WHAT IS REQUIRED — Copy only those lines which run from the line containing "Audiência pública para" to the end of the entries below, both inclusive, exactly as written and with no pictures.

-.-.-

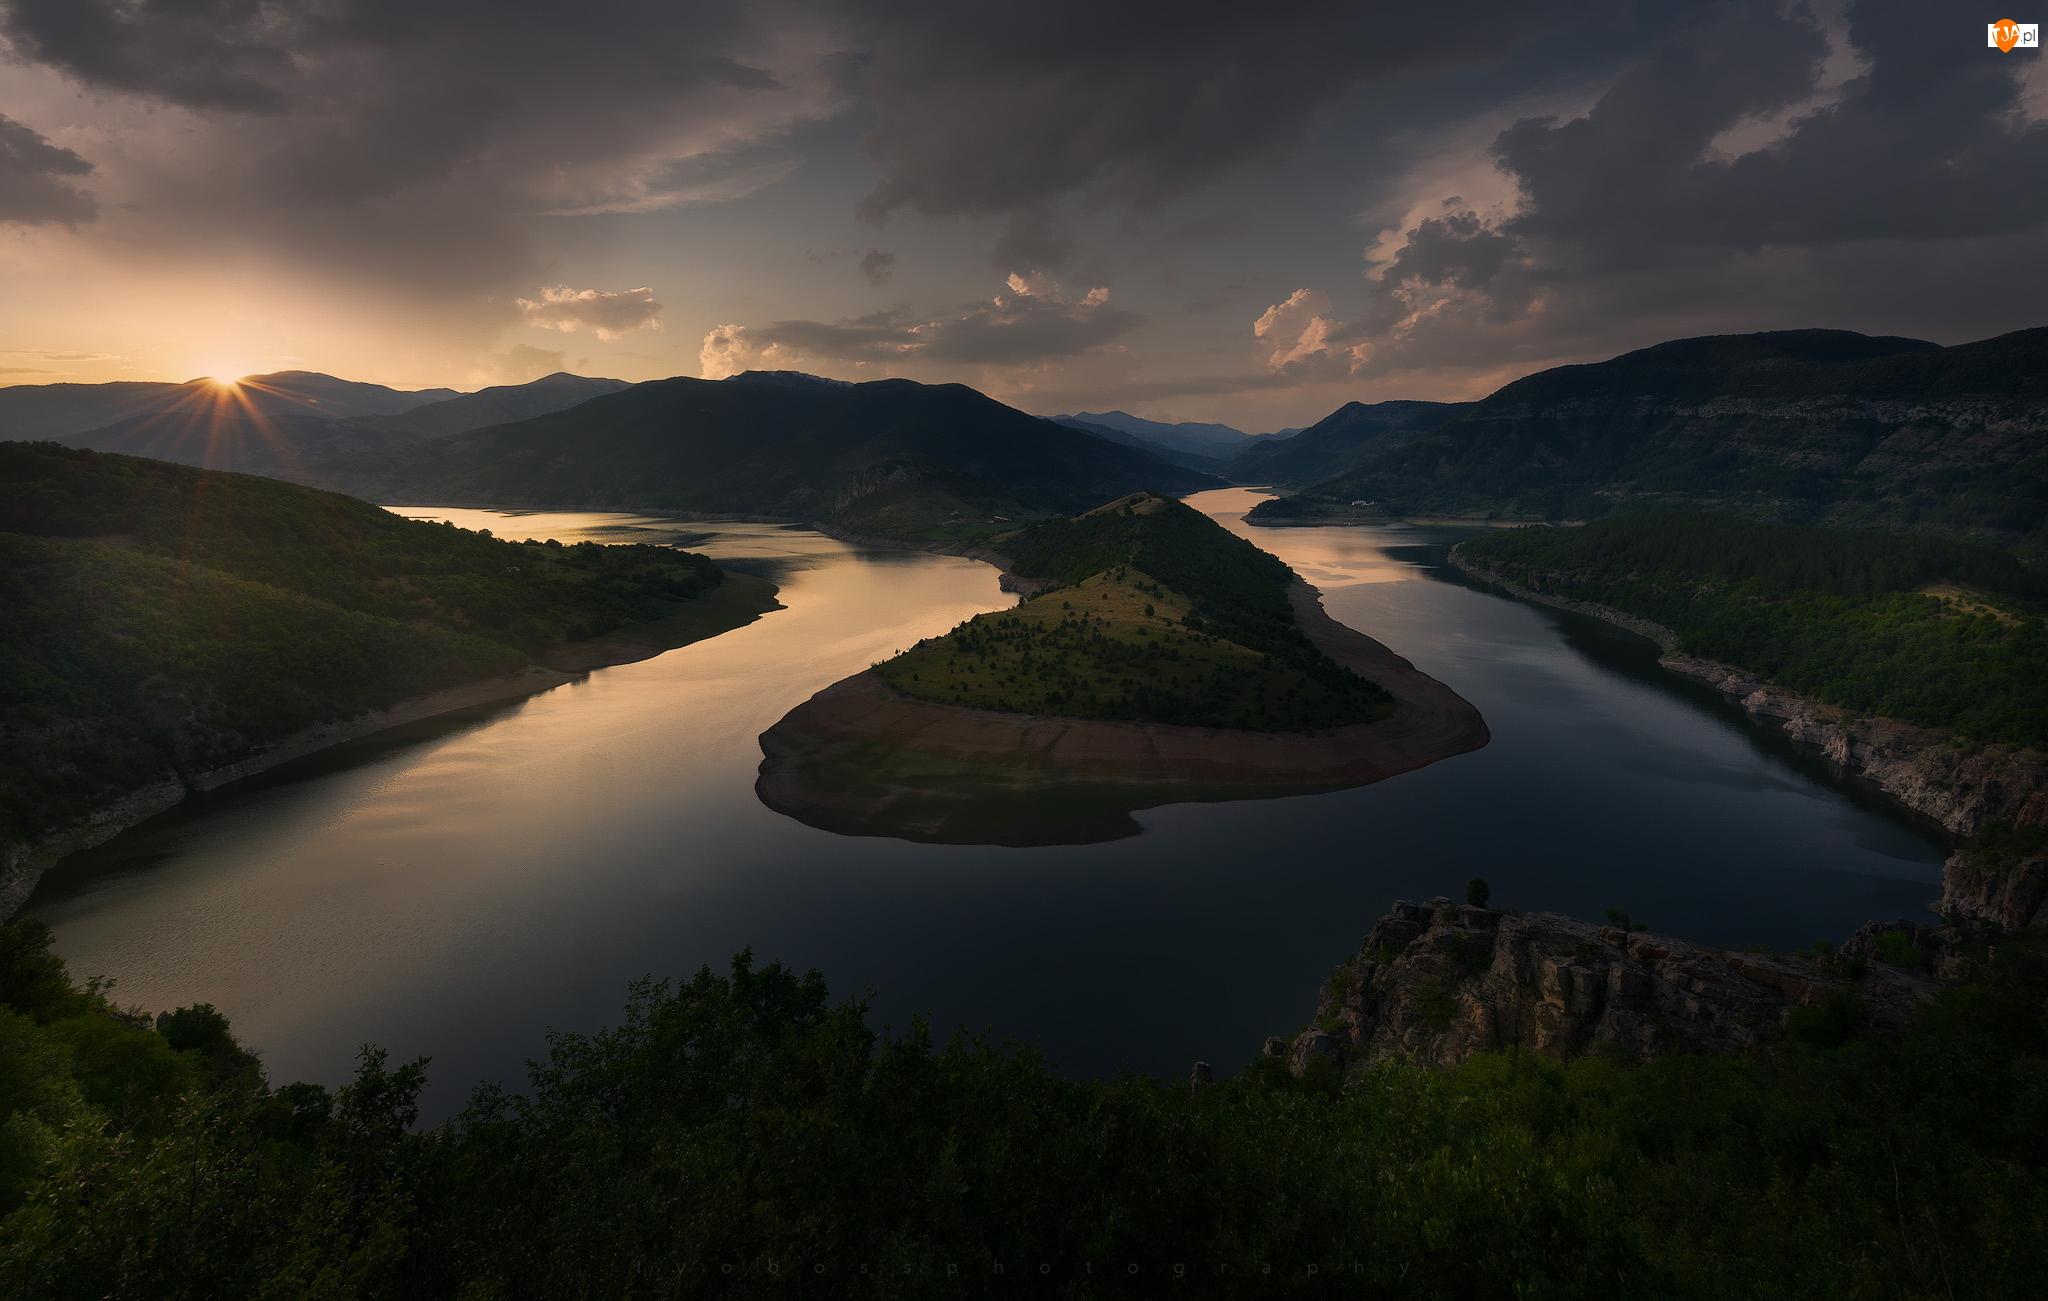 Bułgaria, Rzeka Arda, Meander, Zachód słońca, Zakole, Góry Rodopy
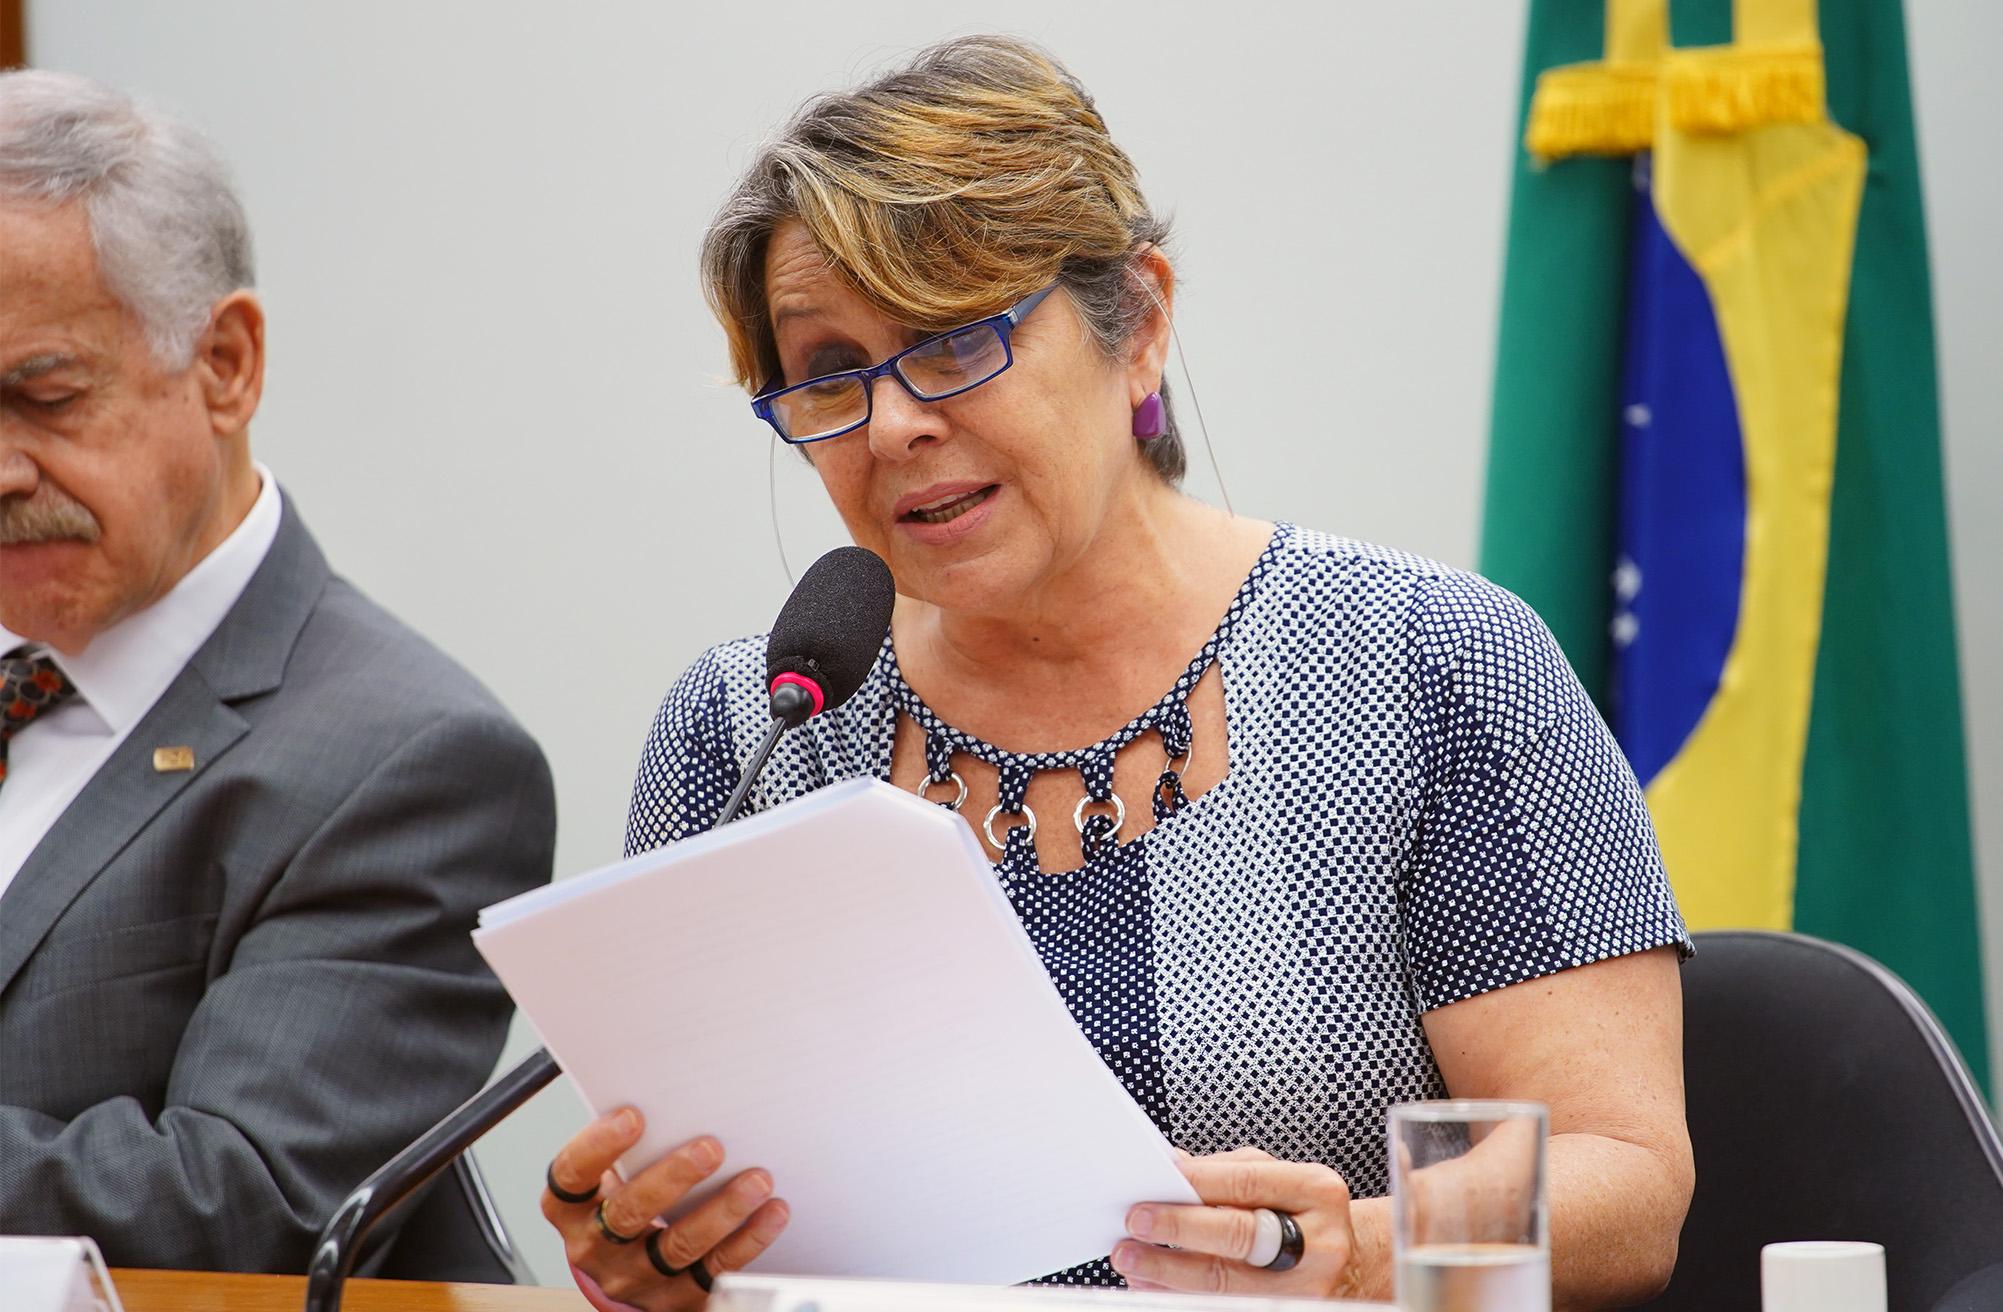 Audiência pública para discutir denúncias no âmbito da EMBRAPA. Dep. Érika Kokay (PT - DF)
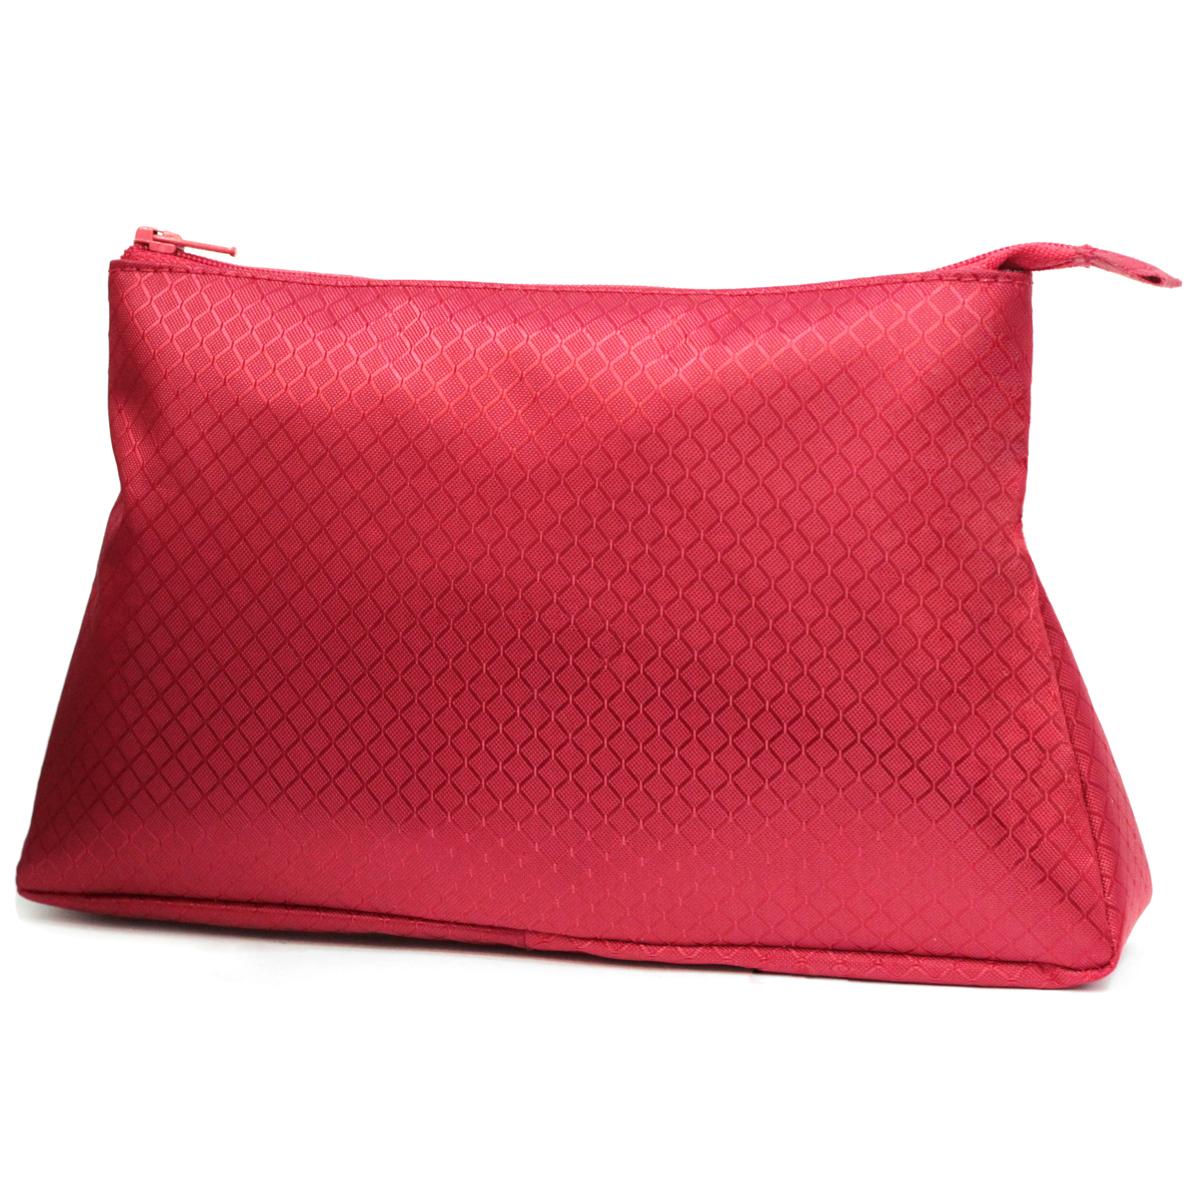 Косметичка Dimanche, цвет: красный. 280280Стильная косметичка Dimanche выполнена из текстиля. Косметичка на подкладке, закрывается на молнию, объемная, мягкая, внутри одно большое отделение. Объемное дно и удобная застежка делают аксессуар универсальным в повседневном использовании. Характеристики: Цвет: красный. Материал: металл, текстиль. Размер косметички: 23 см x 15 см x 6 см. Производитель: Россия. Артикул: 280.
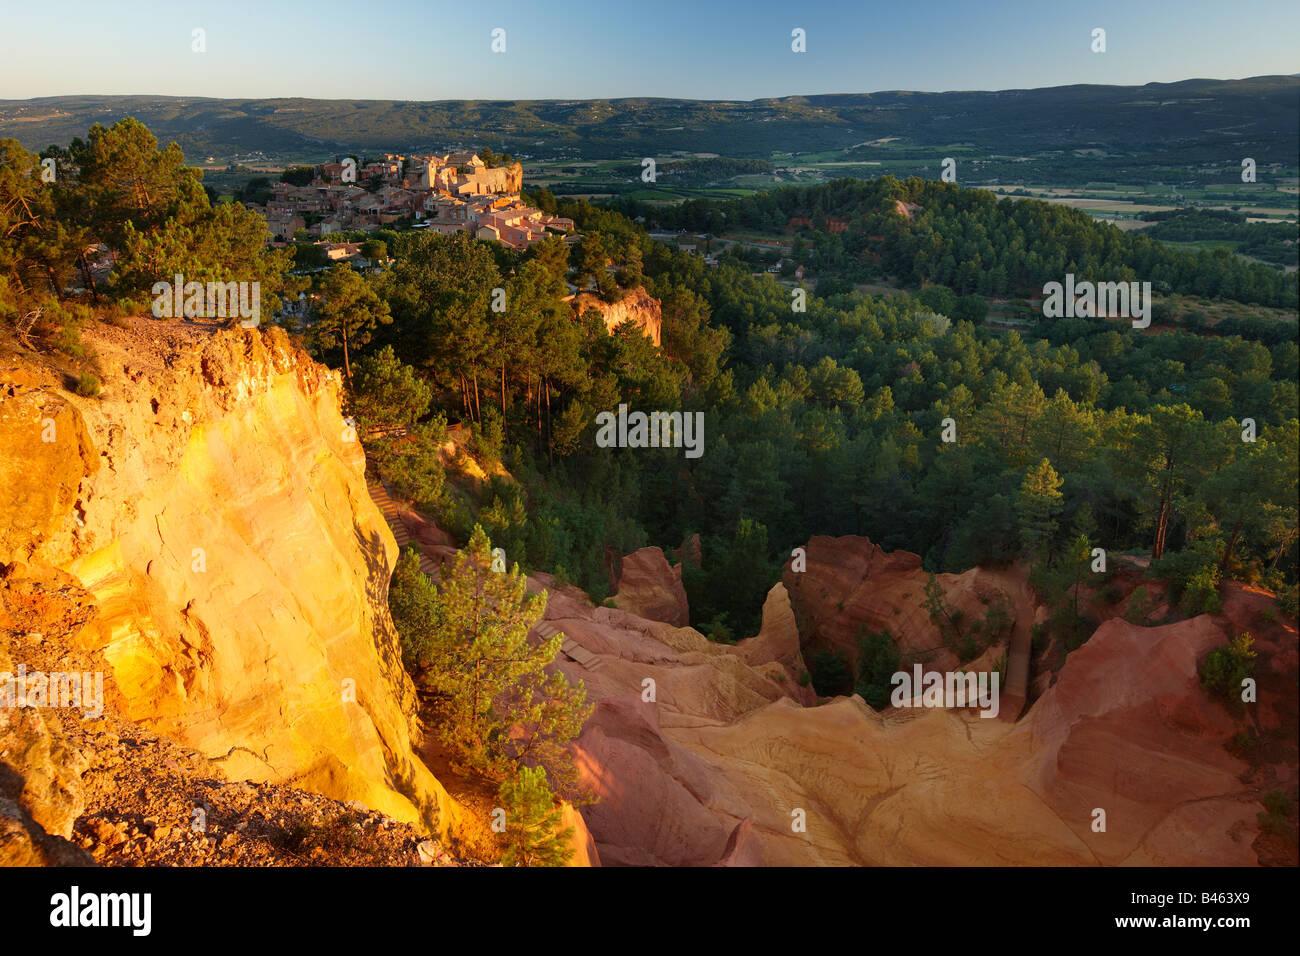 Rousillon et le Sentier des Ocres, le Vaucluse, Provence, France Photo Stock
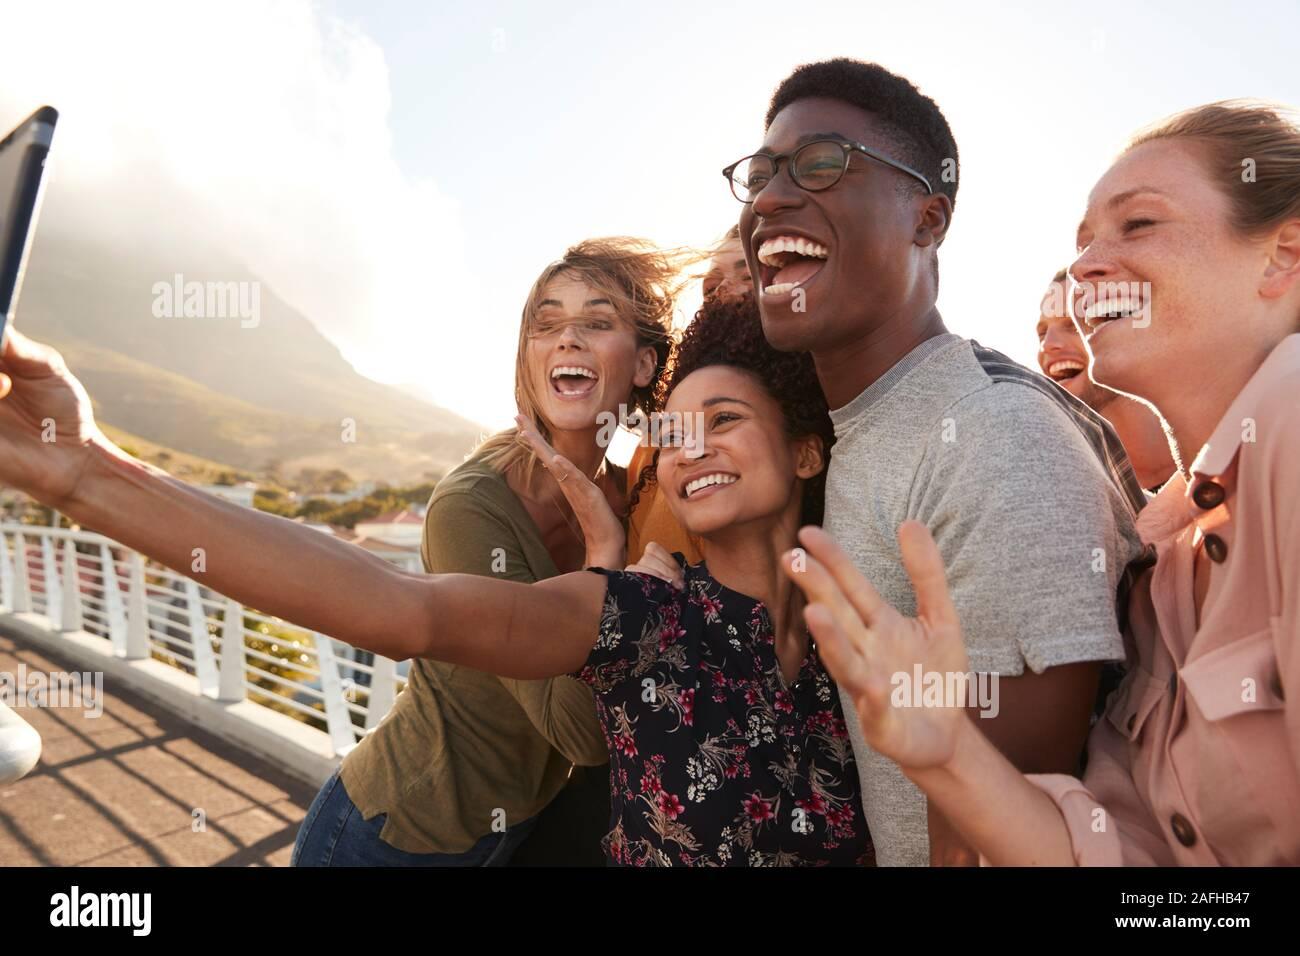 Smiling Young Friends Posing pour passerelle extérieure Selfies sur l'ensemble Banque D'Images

-.-.-

EXPECTED ANSWER —
 Audiência pública para discutir denúncias no âmbito da EMBRAPA. Dep. Érika Kokay (PT - DF)
 Косметичка Dimanche, цвет: красный. 280280Стильная косметичка Dimanche выполнена из текстиля. Косметичка на подкладке, закрывается на молнию, объемная, мягкая, внутри одно большое отделение. Объемное дно и удобная застежка делают аксессуар универсальным в повседневном использовании. Характеристики: Цвет: красный. Материал: металл, текстиль. Размер косметички: 23 см x 15 см x 6 см. Производитель: Россия. Артикул: 280.
 Rousillon et le Sentier des Ocres, le Vaucluse, Provence, France Photo Stock
 Smiling Young Friends Posing pour passerelle extérieure Selfies sur l'ensemble Banque D'Images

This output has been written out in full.